Having been part of a World Championship battle in the past, F1 Director of Data Systems, Rob Smedley, believes teams can be affected by pressure when it comes to things like car setup and race strategy. Smedley served as Race Engineer to Felipe Massa when the Brazilian battled it out with Lewis Hamilton for the 2008 World Championship. Massa missed out on the title by just one point after Hamilton famously passed Toyota's Timo Glock in the final corners of the season-ending Brazilian Grand Prix. With the fight between Hamilton and Max Verstappen still undecided heading into the final five races of the 2021 season, Smedley says it's difficult for teams not to let pressure affect their thinking given the prize that is at stake. "I think it does," Smedley said on the Beyond the Grid podcast, when asked if pressure can affect a team's judgment. "I think the job of the most senior people in the team is to minimise that effect as much as possible, but I don't think you can ever, even if it's just in your subconscious, you can't get rid of the fact of the size of the prize on the table. "It's not just a race win or something like that, it's a Formula 1 World Championship, probably the most difficult sporting trophy to win on the planet, [and] definitely one of the most hotly contested."

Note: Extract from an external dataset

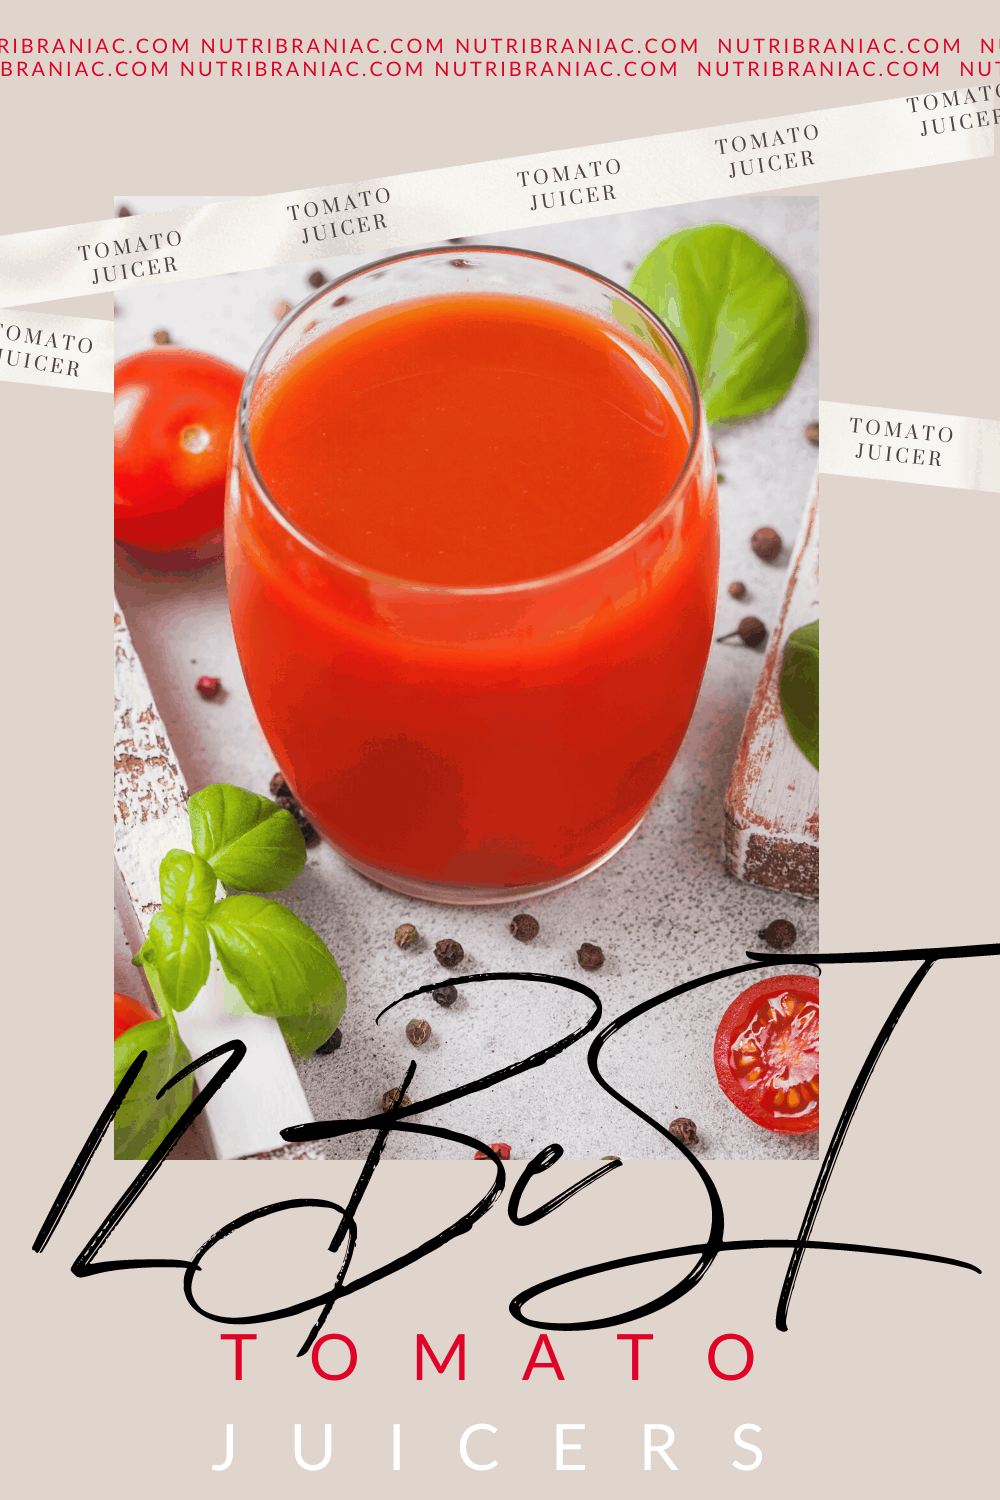 Graphic image of a glass of a tomato juice with text overlay "12 Best Tomato Juicers"
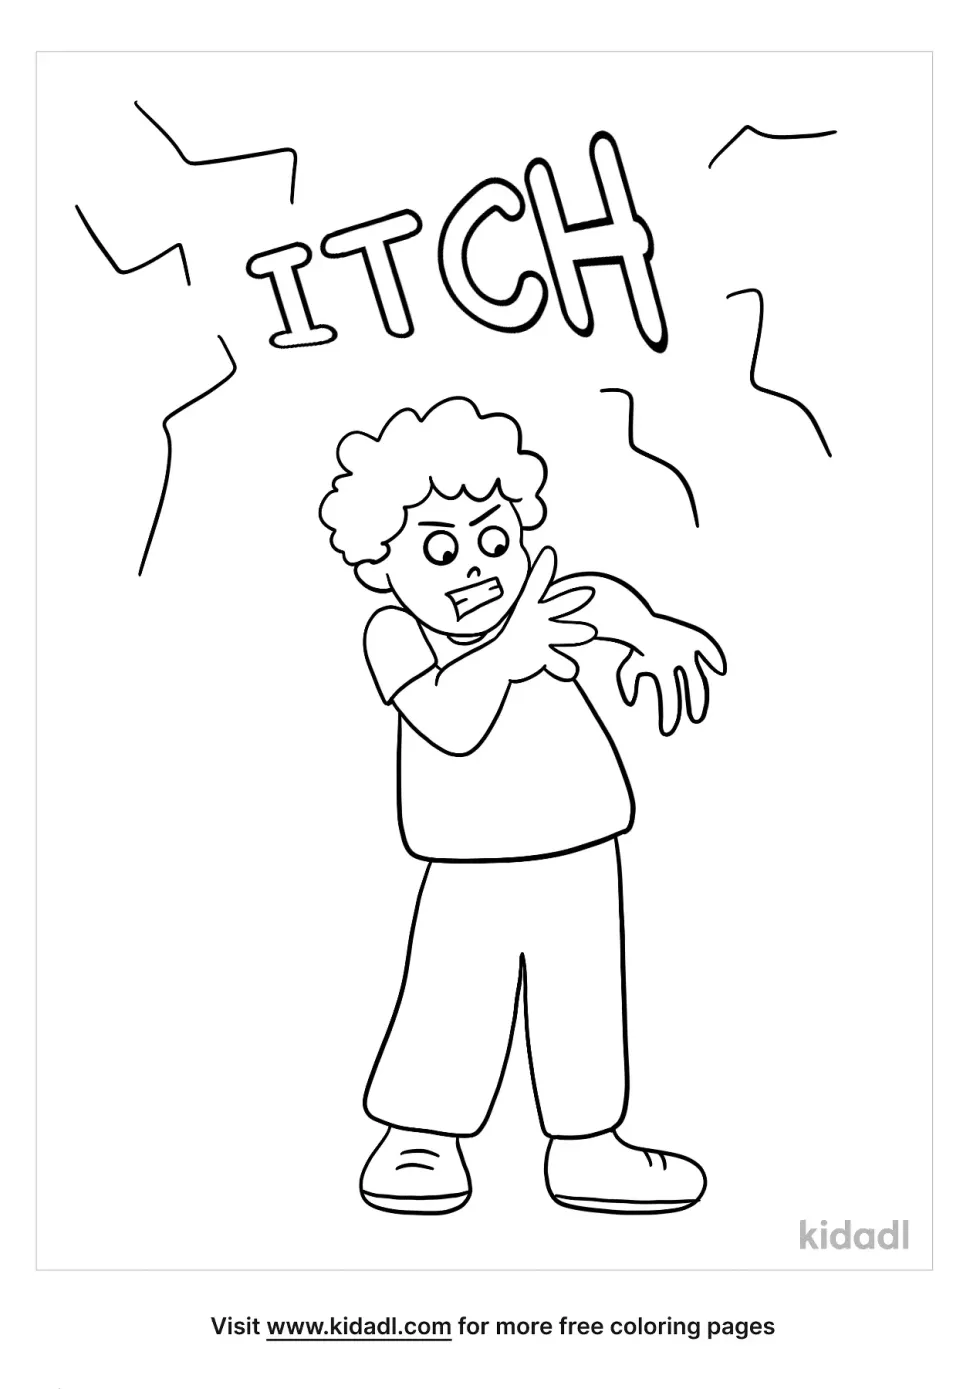 Itch Coloring Page

"You simply can't help it"

Smedley added that while teams may try to focus on one race at time, they simply can't help but let what's at stake affect their thinking. "It's the old adage, you [have] just got to take one race at a time, you shouldn't be looking beyond that particular event that you're in, but you can't help it, you just simply cannot help it," Smedley added. "And as those races get less and less, you get down to three races to go, the penultimate race, the final race, that is so difficult not to let that be part of your thinking. "So I think that it does affect decisions. You do sometimes make a different decision when you're in a World Championship dogfight than you would if it was just that particular weekend that you're gambling on. "As I said, it's the job of the senior management to minimise that as much as possible."